Categorical Cross-Entropy vs Binary Cross-Entropy
Here we see the difference between Categorical Cross-Entropy and Binary Cross-Entropy:
| Parameters | Categorical Cross-Entropy | Binary Cross-Entropy |
|---|---|---|
| Use Case | Multi-class classification | Binary classification |
| Label Format | One-hot encoded vector | Single label |
| Interpretation | Penalizes wrong predictions across all classes | Penalizes wrong prediction for the single class |
| Activation Function | Softmax | Sigmoid |
| Output | Probability distribution across multiple classes | Single probability for positive class |
Applications
- **Handwritten Digit Recognition: Classifying digits 0 to 9 in apps like postal mail sorting.

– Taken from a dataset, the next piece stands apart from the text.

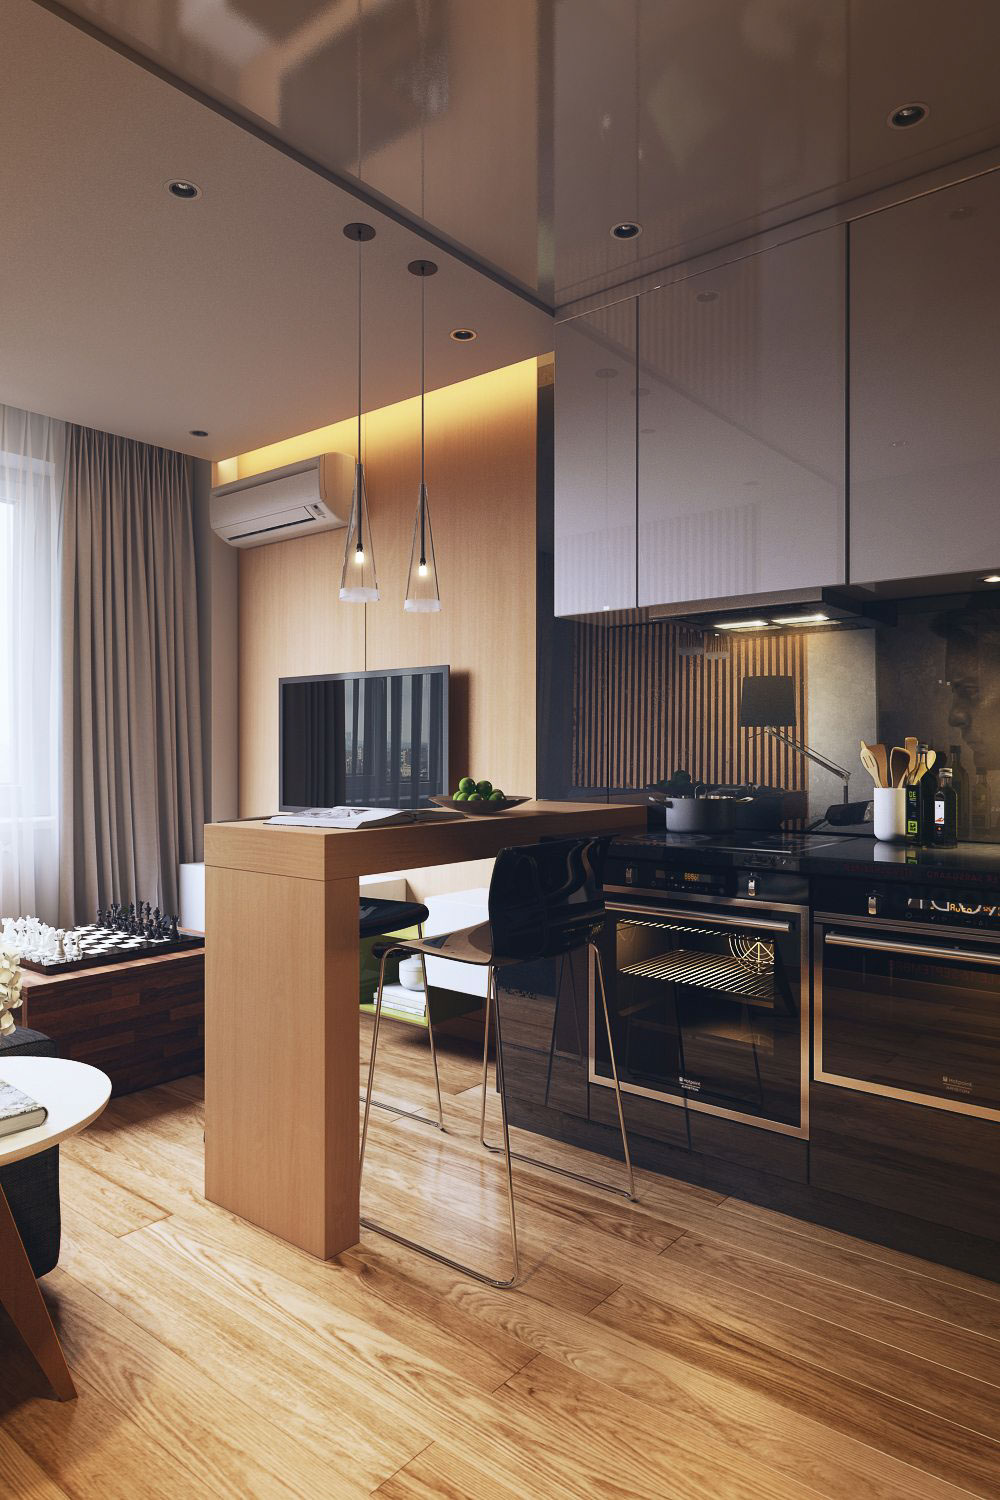 Modern concept kitchen design
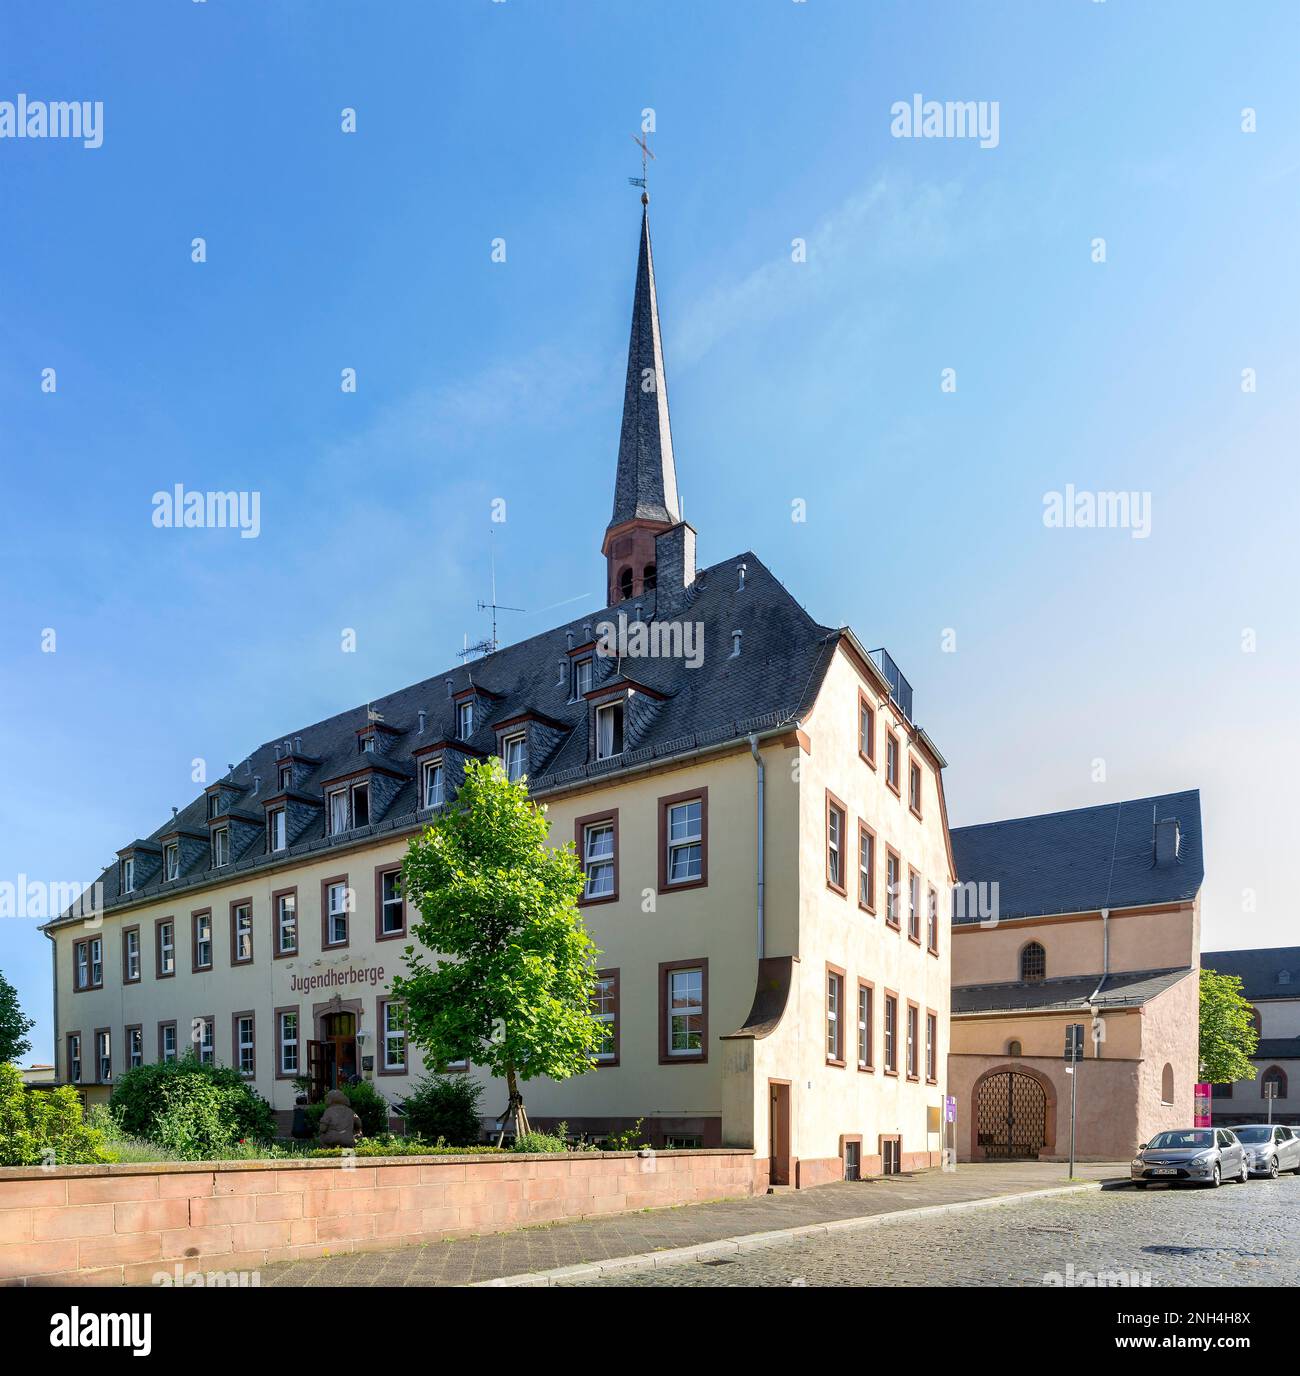 Rhine-Hesse region Youth Hostel, originally Jesuit College, Worms, Rhineland-Palatinate, Germany Stock Photo

- **Email Classification: Categorizing emails into multiple folders like Inbox, Promotions Social, etc.
- **Sentiment Analysis: Determining if a review is Positive, Negative or Neutral.
- **Medical Imaging: Detecting types of diseases from X-rays or MRI scans.
- **Speech Recognition: Recognizing different words or commands in voice assistants.
Advantages
- **Effective for Multi-Class Problems: Perfectly suited for tasks with more than two classes.
- **Probabilistic Interpretation: Works naturally with Softmax outputs to produce meaningful probabilities.
- **Sensitive to Incorrect Predictions: Penalizes wrong predictions more helping models learn better.
- **Smooth Gradient: Provides continuous and differentiable loss ideal for gradient-based optimization.
Limitations
- **Requires One-Hot Labels: Needs proper encoding of true labels, not suitable for raw class integers.
- **Overconfidence Risk: Models can become overconfident in predictions if not regularized.
- **Not for Multi-Label Problems: Works for single-class predictions per sample, not multi-label classification.
- **Sensitive to Class Imbalance: Can give biased training if classes are unevenly distributed.